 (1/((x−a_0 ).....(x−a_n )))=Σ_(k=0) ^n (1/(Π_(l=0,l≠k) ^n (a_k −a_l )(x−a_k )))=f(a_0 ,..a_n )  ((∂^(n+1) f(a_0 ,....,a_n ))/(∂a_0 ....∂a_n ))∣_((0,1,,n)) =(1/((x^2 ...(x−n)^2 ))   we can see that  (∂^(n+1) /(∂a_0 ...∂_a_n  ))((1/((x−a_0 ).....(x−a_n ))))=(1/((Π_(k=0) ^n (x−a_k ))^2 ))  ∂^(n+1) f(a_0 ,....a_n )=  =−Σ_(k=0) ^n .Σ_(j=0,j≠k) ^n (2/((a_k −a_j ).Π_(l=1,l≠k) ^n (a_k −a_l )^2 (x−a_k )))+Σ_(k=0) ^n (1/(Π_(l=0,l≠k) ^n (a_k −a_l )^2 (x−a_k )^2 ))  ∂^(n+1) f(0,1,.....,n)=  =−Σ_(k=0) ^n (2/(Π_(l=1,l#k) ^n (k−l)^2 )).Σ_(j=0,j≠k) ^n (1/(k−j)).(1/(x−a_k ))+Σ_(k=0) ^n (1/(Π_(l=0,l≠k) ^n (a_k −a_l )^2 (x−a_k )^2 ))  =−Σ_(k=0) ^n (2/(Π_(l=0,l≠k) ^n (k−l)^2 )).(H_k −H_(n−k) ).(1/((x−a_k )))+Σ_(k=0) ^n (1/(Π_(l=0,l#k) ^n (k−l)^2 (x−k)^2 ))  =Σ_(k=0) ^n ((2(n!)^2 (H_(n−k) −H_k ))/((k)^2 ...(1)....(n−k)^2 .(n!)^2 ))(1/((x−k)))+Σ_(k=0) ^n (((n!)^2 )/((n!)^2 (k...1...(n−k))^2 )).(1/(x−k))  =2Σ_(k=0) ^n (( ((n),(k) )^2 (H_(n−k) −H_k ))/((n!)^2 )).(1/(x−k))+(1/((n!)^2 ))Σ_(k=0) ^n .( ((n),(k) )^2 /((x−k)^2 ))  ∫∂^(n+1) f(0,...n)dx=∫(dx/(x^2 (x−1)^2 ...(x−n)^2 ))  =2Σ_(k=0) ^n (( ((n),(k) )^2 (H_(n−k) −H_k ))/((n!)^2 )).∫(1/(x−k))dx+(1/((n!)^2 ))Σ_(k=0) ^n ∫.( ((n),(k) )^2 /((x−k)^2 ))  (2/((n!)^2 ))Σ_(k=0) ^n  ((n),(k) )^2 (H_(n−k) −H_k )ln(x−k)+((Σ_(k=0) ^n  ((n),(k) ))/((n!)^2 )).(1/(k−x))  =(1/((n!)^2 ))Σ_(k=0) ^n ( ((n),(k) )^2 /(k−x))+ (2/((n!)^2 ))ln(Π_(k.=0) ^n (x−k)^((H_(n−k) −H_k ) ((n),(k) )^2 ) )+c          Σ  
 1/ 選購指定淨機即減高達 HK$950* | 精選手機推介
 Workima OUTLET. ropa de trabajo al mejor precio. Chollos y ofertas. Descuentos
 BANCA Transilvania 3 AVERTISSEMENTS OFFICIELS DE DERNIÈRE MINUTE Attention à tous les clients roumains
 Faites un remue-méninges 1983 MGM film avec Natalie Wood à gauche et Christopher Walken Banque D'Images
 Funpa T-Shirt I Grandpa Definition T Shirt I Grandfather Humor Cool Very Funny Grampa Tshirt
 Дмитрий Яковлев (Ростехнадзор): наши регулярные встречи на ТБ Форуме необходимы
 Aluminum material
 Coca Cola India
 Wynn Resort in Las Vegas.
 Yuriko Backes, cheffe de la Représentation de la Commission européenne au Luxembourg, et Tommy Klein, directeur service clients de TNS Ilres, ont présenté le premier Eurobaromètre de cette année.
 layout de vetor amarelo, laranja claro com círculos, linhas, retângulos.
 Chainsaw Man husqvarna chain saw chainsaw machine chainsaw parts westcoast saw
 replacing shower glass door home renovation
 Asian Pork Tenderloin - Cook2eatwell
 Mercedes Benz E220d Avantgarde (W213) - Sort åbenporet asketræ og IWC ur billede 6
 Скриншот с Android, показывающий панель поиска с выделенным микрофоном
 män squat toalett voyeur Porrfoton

* * *

▶ TASK STATEMENT: Set down the complete listing once more, exactly as it appears.

▶ WRITTEN REPLY:
 (1/((x−a_0 ).....(x−a_n )))=Σ_(k=0) ^n (1/(Π_(l=0,l≠k) ^n (a_k −a_l )(x−a_k )))=f(a_0 ,..a_n )  ((∂^(n+1) f(a_0 ,....,a_n ))/(∂a_0 ....∂a_n ))∣_((0,1,,n)) =(1/((x^2 ...(x−n)^2 ))   we can see that  (∂^(n+1) /(∂a_0 ...∂_a_n  ))((1/((x−a_0 ).....(x−a_n ))))=(1/((Π_(k=0) ^n (x−a_k ))^2 ))  ∂^(n+1) f(a_0 ,....a_n )=  =−Σ_(k=0) ^n .Σ_(j=0,j≠k) ^n (2/((a_k −a_j ).Π_(l=1,l≠k) ^n (a_k −a_l )^2 (x−a_k )))+Σ_(k=0) ^n (1/(Π_(l=0,l≠k) ^n (a_k −a_l )^2 (x−a_k )^2 ))  ∂^(n+1) f(0,1,.....,n)=  =−Σ_(k=0) ^n (2/(Π_(l=1,l#k) ^n (k−l)^2 )).Σ_(j=0,j≠k) ^n (1/(k−j)).(1/(x−a_k ))+Σ_(k=0) ^n (1/(Π_(l=0,l≠k) ^n (a_k −a_l )^2 (x−a_k )^2 ))  =−Σ_(k=0) ^n (2/(Π_(l=0,l≠k) ^n (k−l)^2 )).(H_k −H_(n−k) ).(1/((x−a_k )))+Σ_(k=0) ^n (1/(Π_(l=0,l#k) ^n (k−l)^2 (x−k)^2 ))  =Σ_(k=0) ^n ((2(n!)^2 (H_(n−k) −H_k ))/((k)^2 ...(1)....(n−k)^2 .(n!)^2 ))(1/((x−k)))+Σ_(k=0) ^n (((n!)^2 )/((n!)^2 (k...1...(n−k))^2 )).(1/(x−k))  =2Σ_(k=0) ^n (( ((n),(k) )^2 (H_(n−k) −H_k ))/((n!)^2 )).(1/(x−k))+(1/((n!)^2 ))Σ_(k=0) ^n .( ((n),(k) )^2 /((x−k)^2 ))  ∫∂^(n+1) f(0,...n)dx=∫(dx/(x^2 (x−1)^2 ...(x−n)^2 ))  =2Σ_(k=0) ^n (( ((n),(k) )^2 (H_(n−k) −H_k ))/((n!)^2 )).∫(1/(x−k))dx+(1/((n!)^2 ))Σ_(k=0) ^n ∫.( ((n),(k) )^2 /((x−k)^2 ))  (2/((n!)^2 ))Σ_(k=0) ^n  ((n),(k) )^2 (H_(n−k) −H_k )ln(x−k)+((Σ_(k=0) ^n  ((n),(k) ))/((n!)^2 )).(1/(k−x))  =(1/((n!)^2 ))Σ_(k=0) ^n ( ((n),(k) )^2 /(k−x))+ (2/((n!)^2 ))ln(Π_(k.=0) ^n (x−k)^((H_(n−k) −H_k ) ((n),(k) )^2 ) )+c          Σ  
 1/ 選購指定淨機即減高達 HK$950* | 精選手機推介
 Workima OUTLET. ropa de trabajo al mejor precio. Chollos y ofertas. Descuentos
 BANCA Transilvania 3 AVERTISSEMENTS OFFICIELS DE DERNIÈRE MINUTE Attention à tous les clients roumains
 Faites un remue-méninges 1983 MGM film avec Natalie Wood à gauche et Christopher Walken Banque D'Images
 Funpa T-Shirt I Grandpa Definition T Shirt I Grandfather Humor Cool Very Funny Grampa Tshirt
 Дмитрий Яковлев (Ростехнадзор): наши регулярные встречи на ТБ Форуме необходимы
 Aluminum material
 Coca Cola India
 Wynn Resort in Las Vegas.
 Yuriko Backes, cheffe de la Représentation de la Commission européenne au Luxembourg, et Tommy Klein, directeur service clients de TNS Ilres, ont présenté le premier Eurobaromètre de cette année.
 layout de vetor amarelo, laranja claro com círculos, linhas, retângulos.
 Chainsaw Man husqvarna chain saw chainsaw machine chainsaw parts westcoast saw
 replacing shower glass door home renovation
 Asian Pork Tenderloin - Cook2eatwell
 Mercedes Benz E220d Avantgarde (W213) - Sort åbenporet asketræ og IWC ur billede 6
 Скриншот с Android, показывающий панель поиска с выделенным микрофоном
 män squat toalett voyeur Porrfoton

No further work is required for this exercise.